“Neither the sun nor death can be looked at steadily”*…
All the old rites and superstitions that once warded off mystical evils have been condensed into one single command, so vast and monolithic we’ve forgotten that it’s even possible to disobey: Don’t look directly at the sun.
Not to look directly into the sun is (at a guess) one of the first lessons everyone is taught by their parents. As unquestioned ideological precepts go, it’s enormously effective. You learn it, you internalize it, and never really think of it again until you have kids of your own. And then you say it once more, repeating your parents’ words, and theirs, in an unbroken tradition going back God knows how many millennia. No, honey, never look directly into the sun… But people do it. And our world is the better for it, because staring directly into the sun is our moral and political duty…
Question authority: “What happens when you stare at the sun.”

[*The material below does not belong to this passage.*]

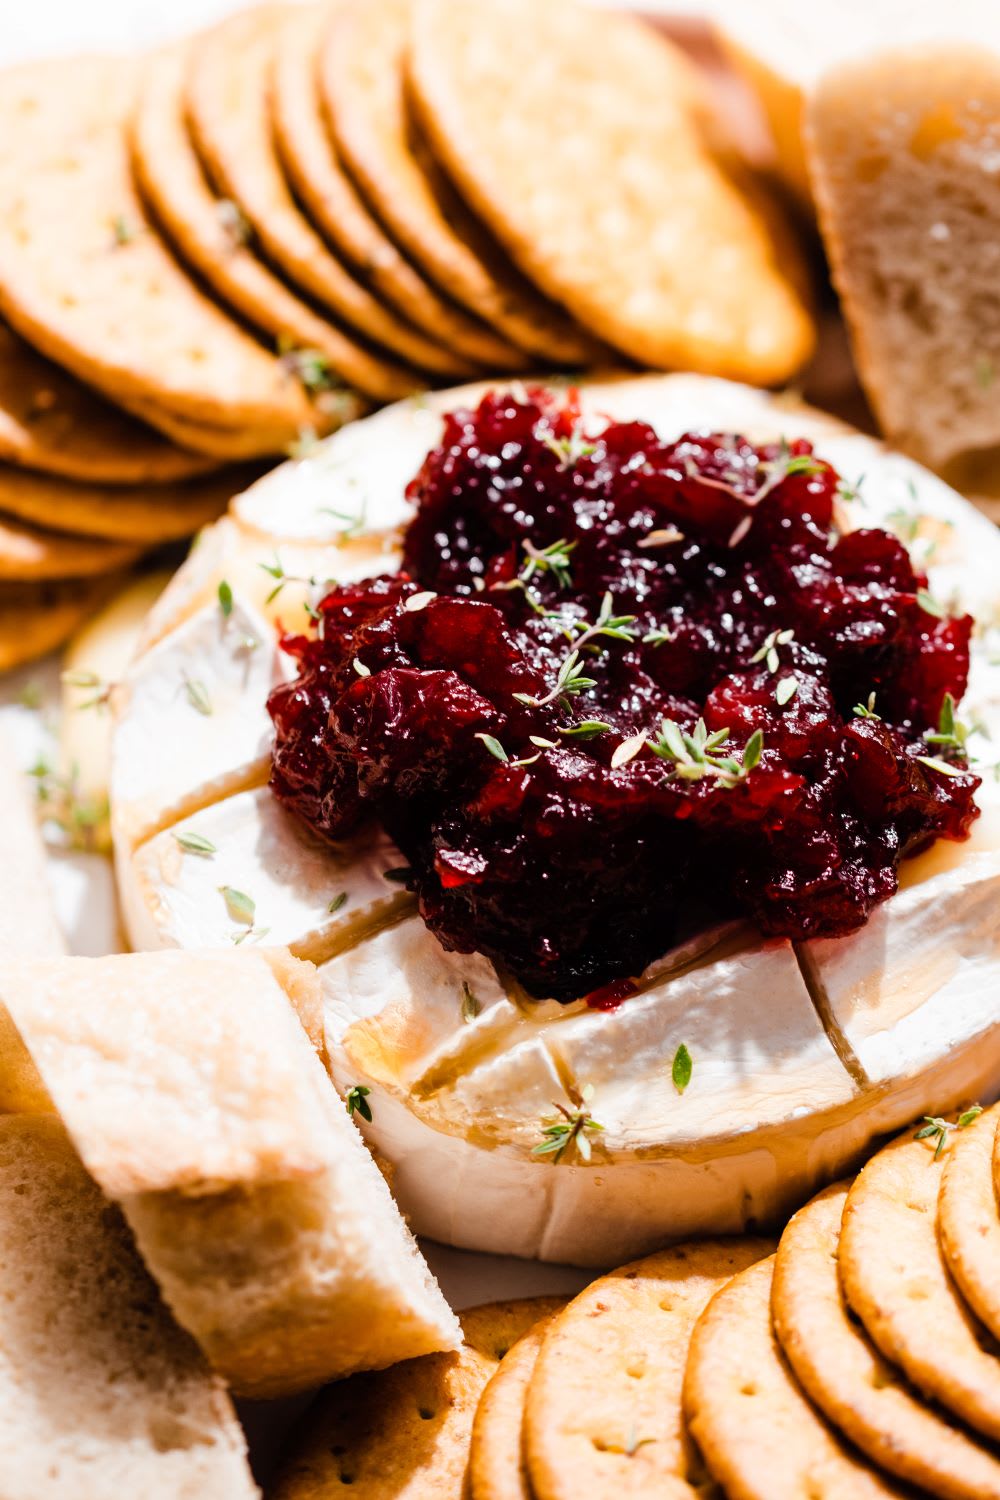 How To Make Baked Brie With Cranberry - Lulus.com Fashion Blog

* François de La Rochefoucauld
As we put down the smoked glass, we might spare a thought for the creator of the object of another set of taboos, Harry Wesley Coover, Jr.; he died on this date in 2011. A chemist working for Eastman Kodak, he accidentally discovered a substance first marketed as “Eastman 910,” now commonly known as Super Glue. Coover was a prolific inventor– he held 460 patents– but was proudest of the organizational system that he developed and oversaw at Kodak: “programmed innovation,” a management methodology emphasizing research and development, which resulted in the introduction of 320 new products and sales growth from $1.8 billion to $2.5 billion. In 2004, he was inducted into the National Inventor’s Hall of Fame; then in 2010, received the National Medal of Technology and Innovation.